Embodiments of the present invention is suitable for a plurality of embodiments including implementation in computer logic (thereby reducing the required capacity for trace export and storage); implementation with existing real-time trace processors, and as a software-only implementation for use with computer systems that may have no real-time trace export capabilities. By classifying the trace data by the behavior of the software being traced while compressing the trace data can overcome many of the difficulties found in existing systems and methods, embodiments of the present invention can achieve higher compression ratios than previous techniques discussed above, while producing a result that is simpler to use for the tasks of software debugging, software testing and analysis, and in gaining a deeper understanding of how the software actually behaves during full-speed execution.

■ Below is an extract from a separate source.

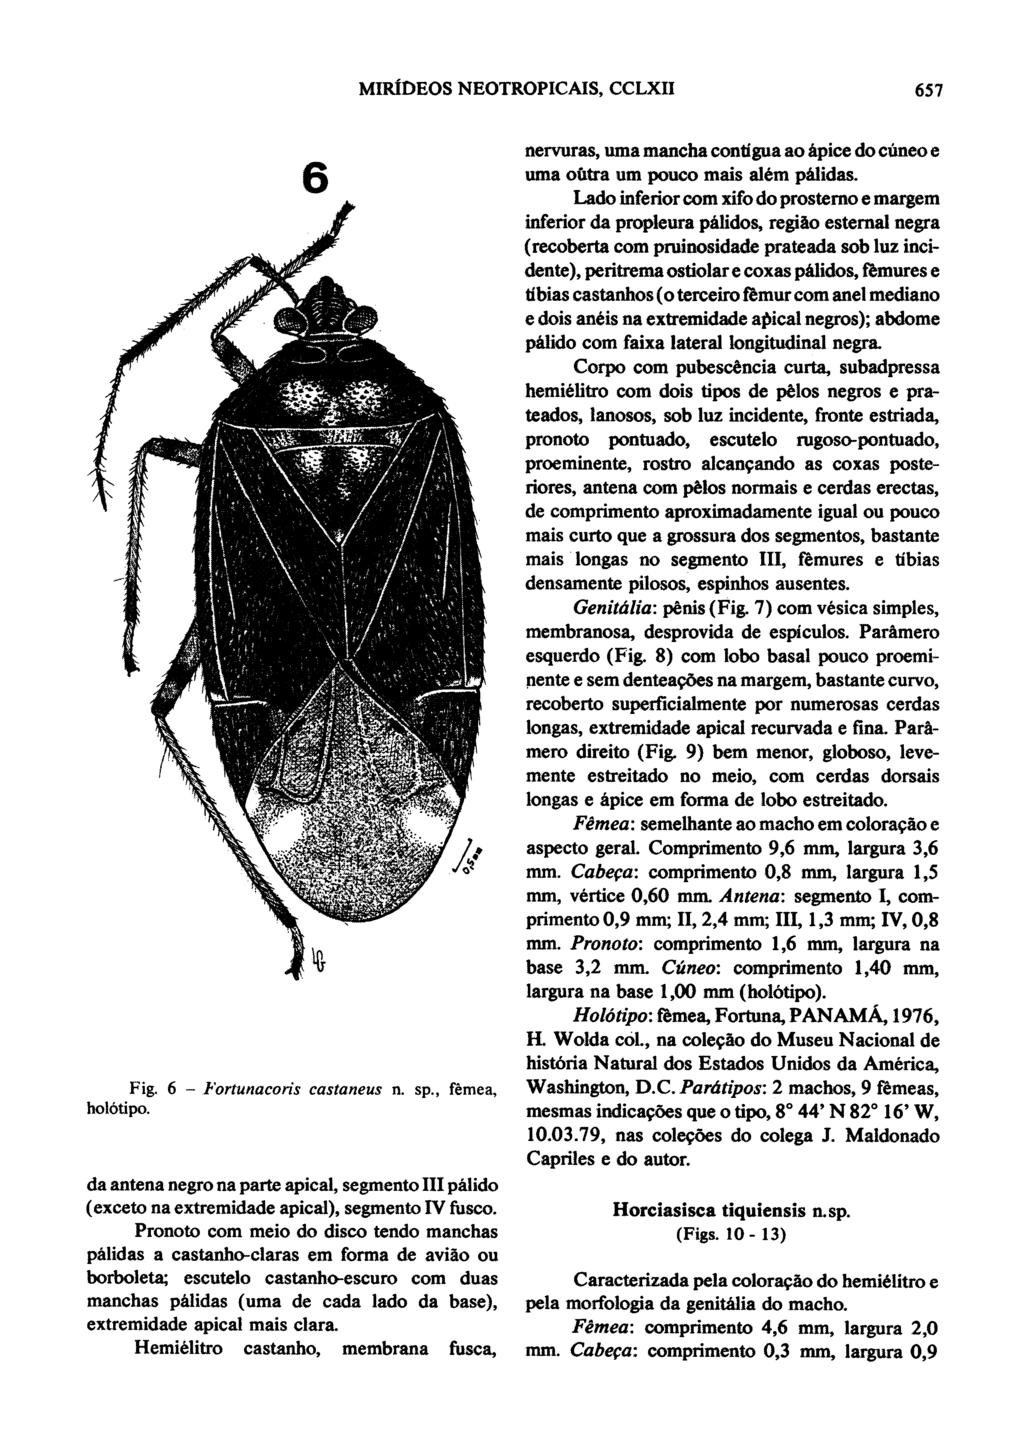 MIRIDEOS NEOTROPICAIS, CCLXII 657 I.. S \I 6 in-4 Fig. 6 - Fortunacoris castaneus n. sp., fmea, hol6tipo.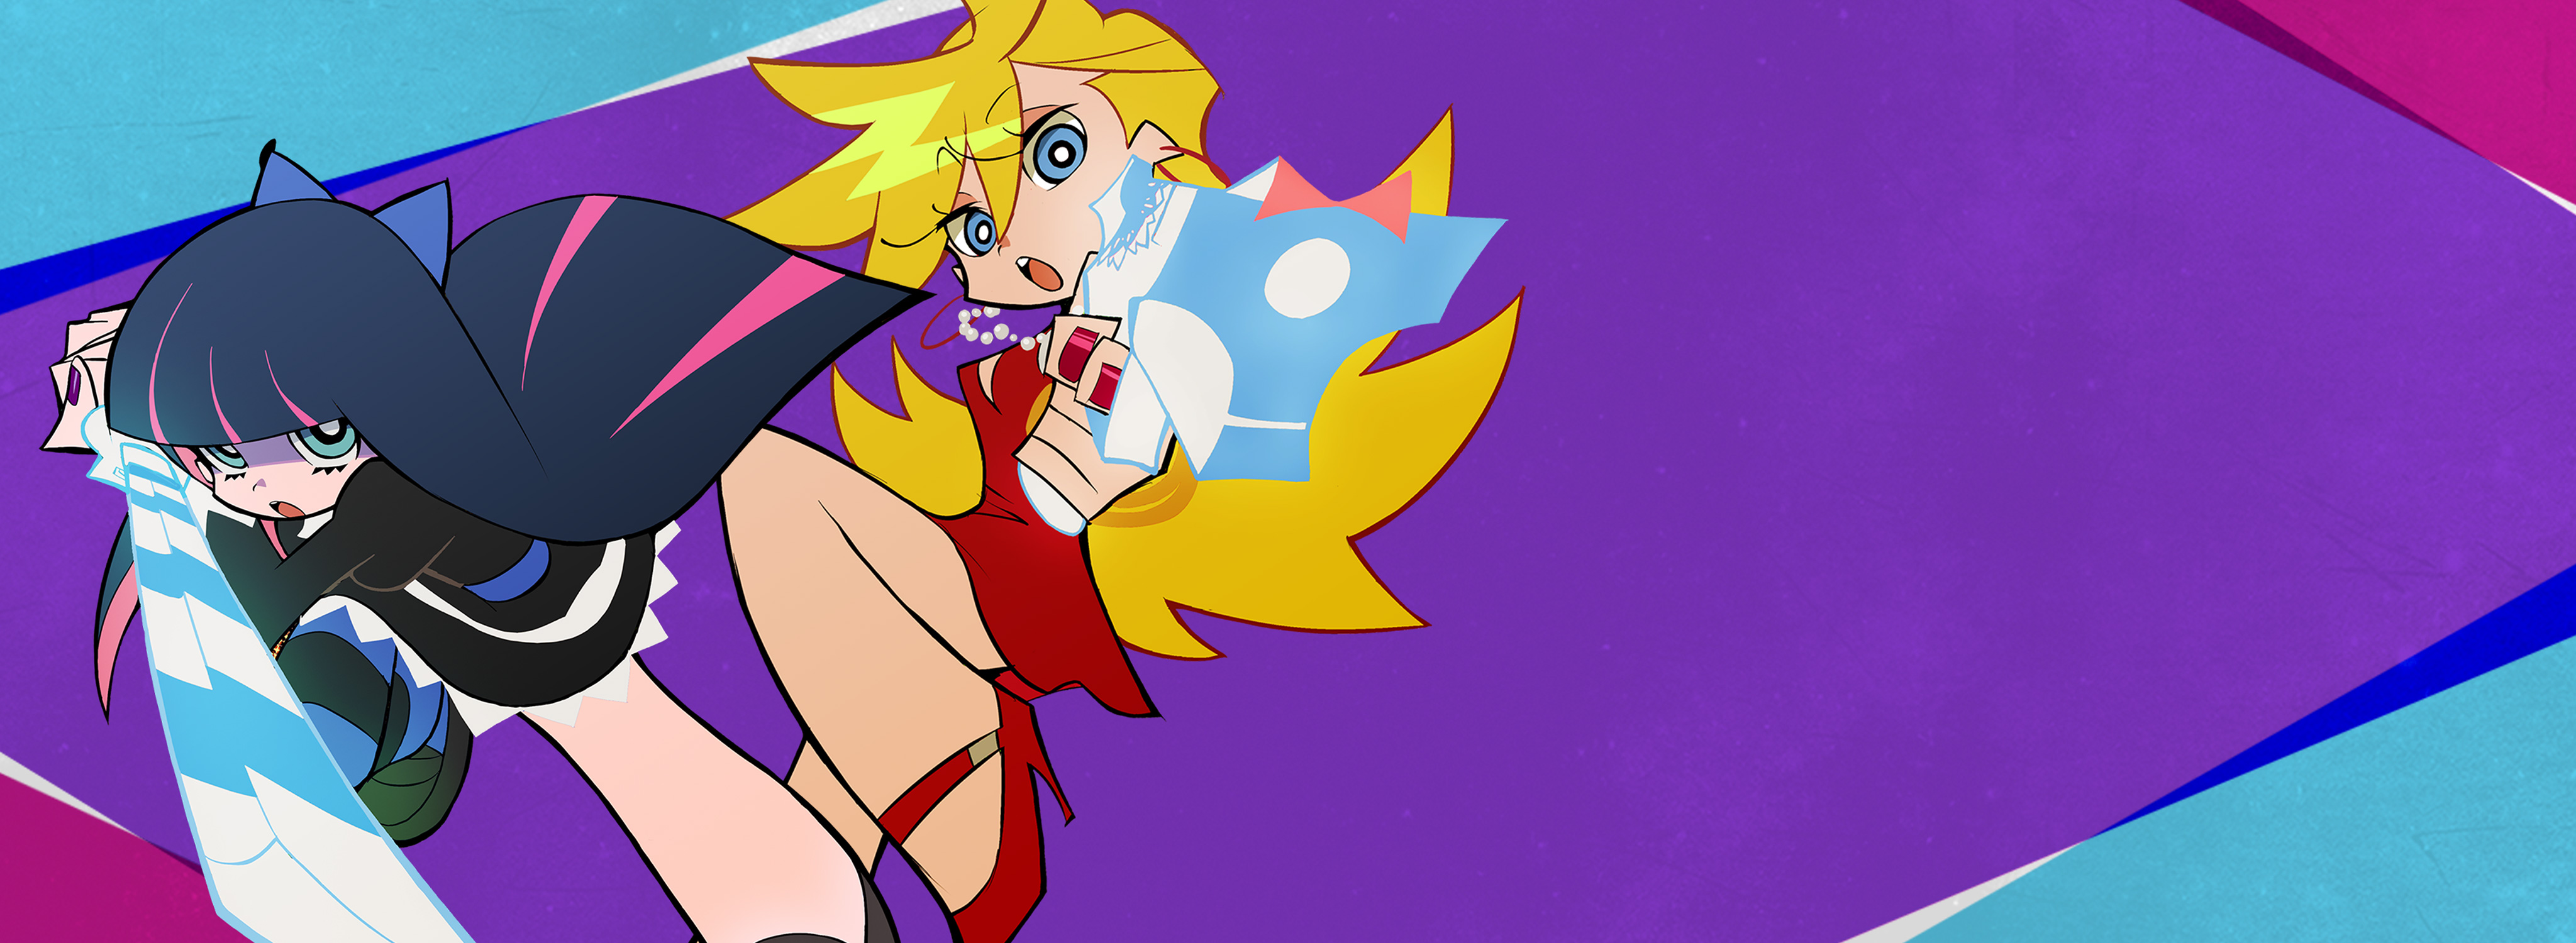 anime, panty & stocking with garterbelt, panty anarchy, stocking anarchy lock screen backgrounds

Also according to some embodiments of the present invention, methods and systems are provided for inserting pre-computed software instructions into specific points of a software application to create unique execution path identifiers using a software-only approach. One method can include analyzing the target software to determine the appropriate canonical hash values and appropriate insertion points in the application, inserting these additional instructions into the application at the appropriate conditional instructions and branch points, accumulating and storing the unique execution path identifiers at runtime to a designated memory buffer or output port, and retrieving the resulting execution path identifiers at runtime for immediate use or storage.
Through the methods and systems according to embodiments of the present invention, execution behavior identifiers can be created and collected from an operating computer system using minimal system resources. The identifiers can also be compared to a computed set of identifiers representing a fill reconstruction of the execution path taken by the application. This results in abundant information that is pre-classified by behavioral type and therefore easier to differentiate which identifier represents software that is running in normal, expected ways, and which represents software that is running in new, potentially anomalous, and unexpected ways. This is particularly useful for software debugging, where countless hours are spent using existing techniques attempting the capture of transient events that are not yet fully understood. Embodiments of the present invention are also useful to quickly gain a deep understanding of unfamiliar software, because every behavior the software exhibits can be immediately identified as the behavior occurs. These benefits can be amplified when embodiments of the present invention are paired with additional system data capture, such as correlated capture of program variables, execution timing information, or external system signals at runtime.
Some of the functional units described in this specification have been labeled as modules, in order to more particularly emphasize their implementation independence. For example, a module may be implemented as a hardware circuit comprising custom very-large-scale integration (VLSI) circuits or gate arrays, off-the-shelf semiconductors such as logic chips, transistors, or other discrete components. A module may also be implemented in programmable hardware devices such as field programmable gate arrays, programmable array logic, programmable logic devices or the like.
Modules may also be implemented in software for execution by various types of processors. An identified module of executable code may, for instance, comprise one or more blocks of computer instructions, which may be organized as an object, procedure, or function. Nevertheless, the executables of an identified module need not be physically located together, but may comprise disparate instructions stored in different locations which comprise the module and achieve the stated purpose for the module when joined logically together.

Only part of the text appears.